Task directions :: When you return the data, keep every word exact and include none of the images.

Supplied data ::
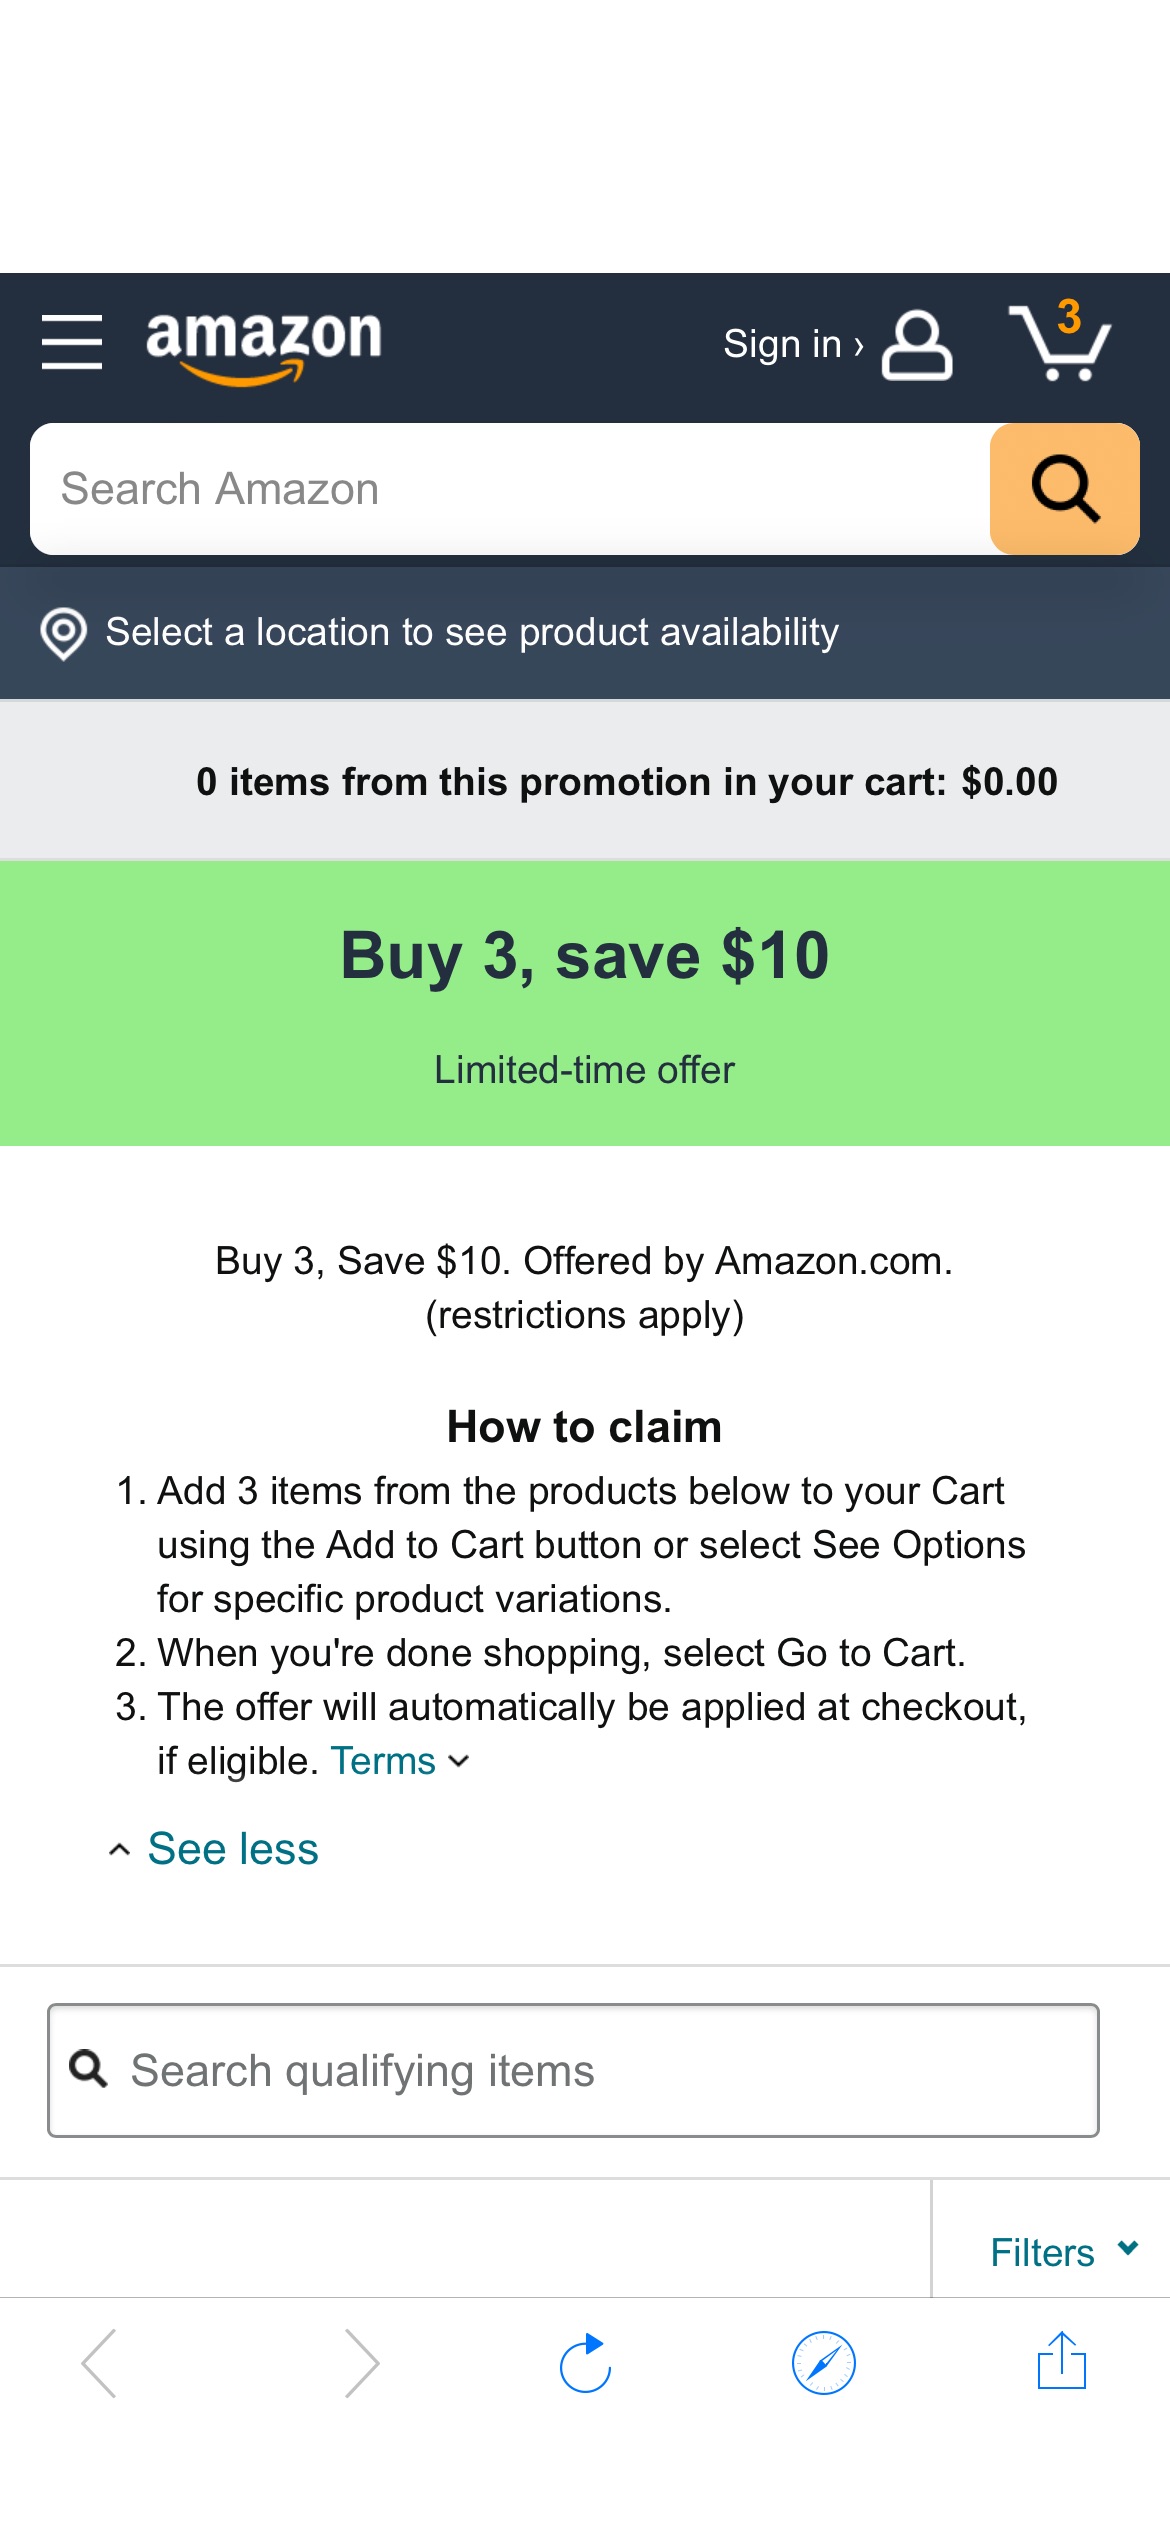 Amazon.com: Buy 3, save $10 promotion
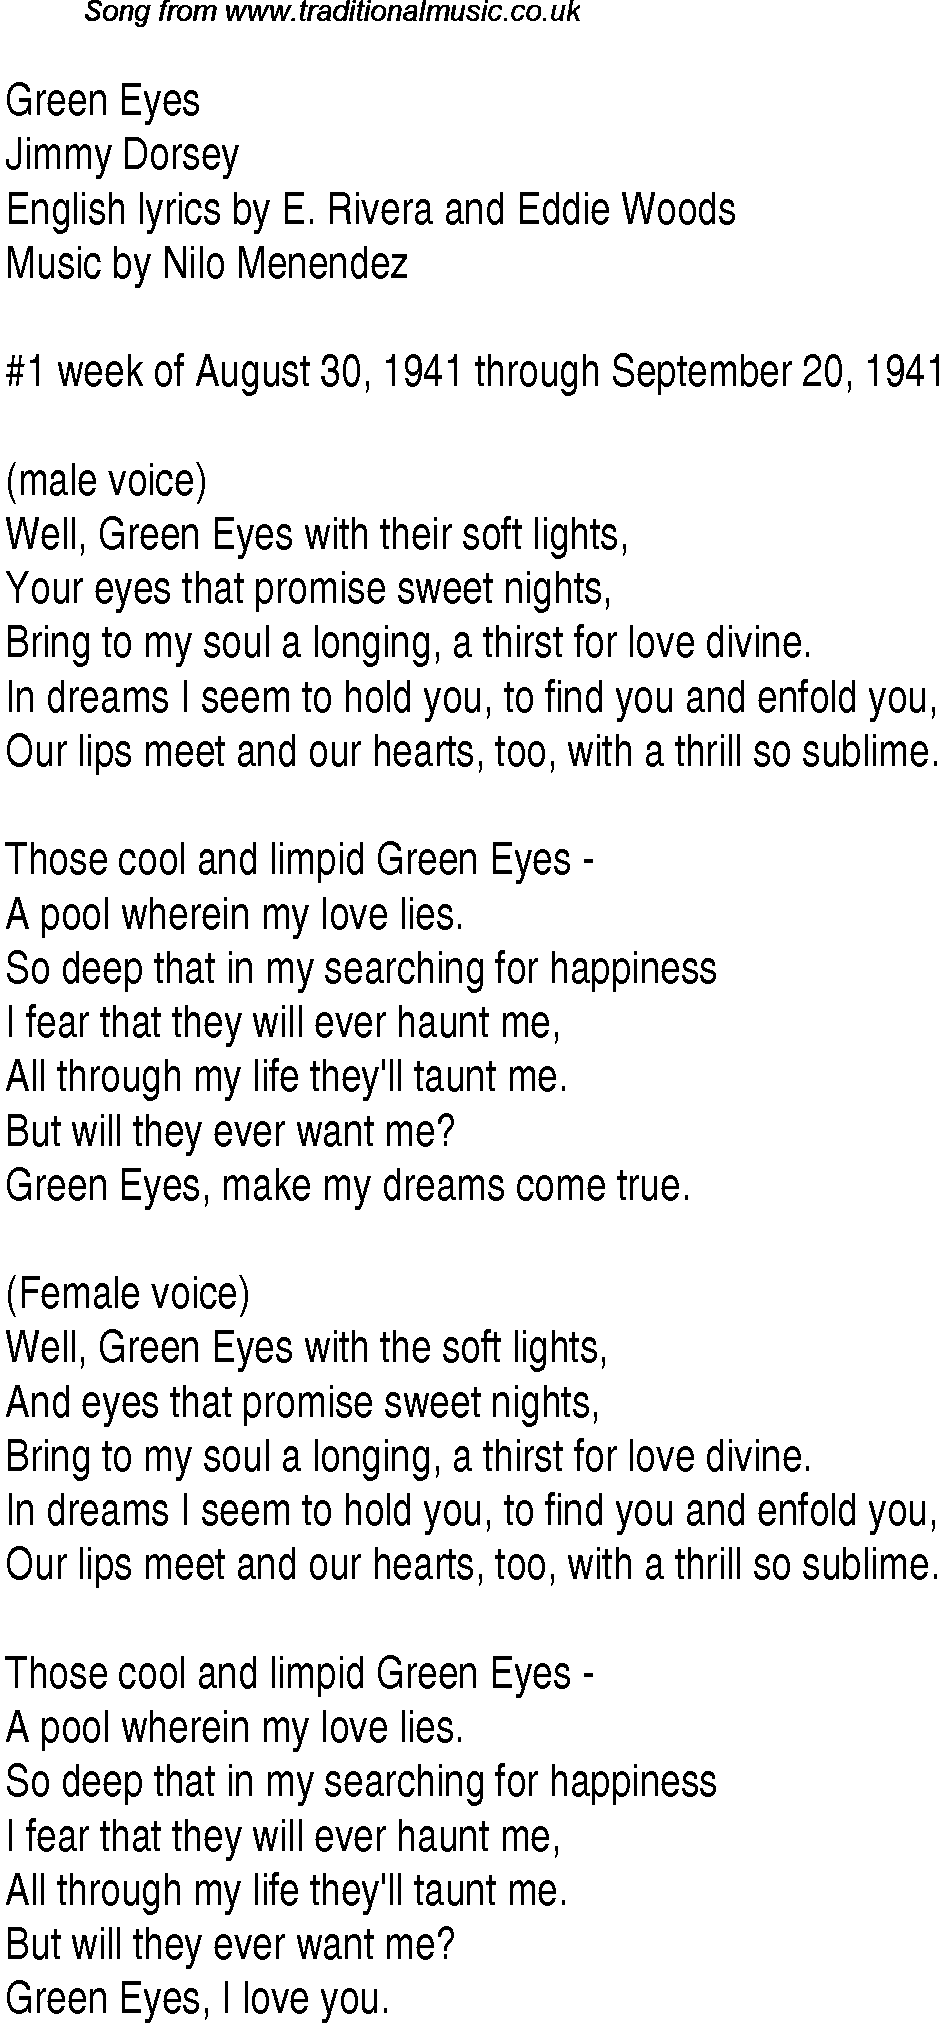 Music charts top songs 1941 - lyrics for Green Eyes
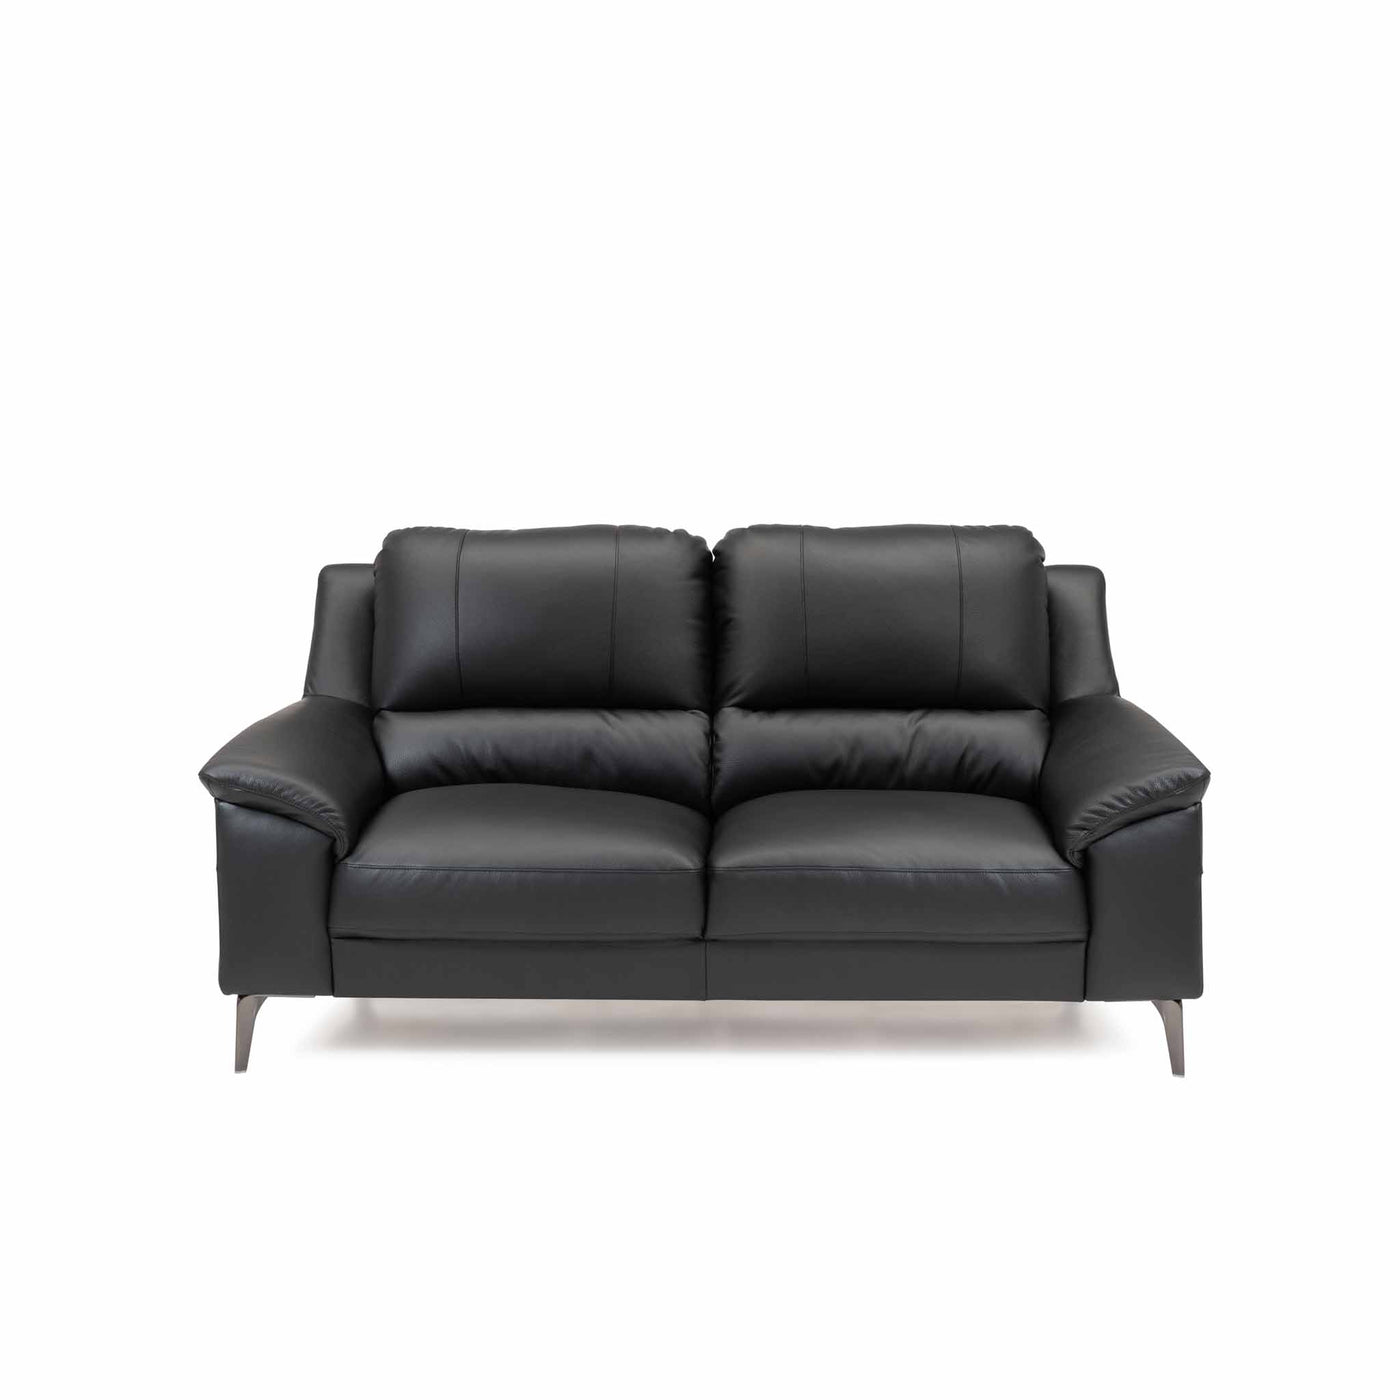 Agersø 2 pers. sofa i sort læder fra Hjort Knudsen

Problem solution ::
 Amazon.com: Buy 3, save $10 promotion
 Music charts top songs 1941 - lyrics for Green Eyes
 Agersø 2 pers. sofa i sort læder fra Hjort Knudsen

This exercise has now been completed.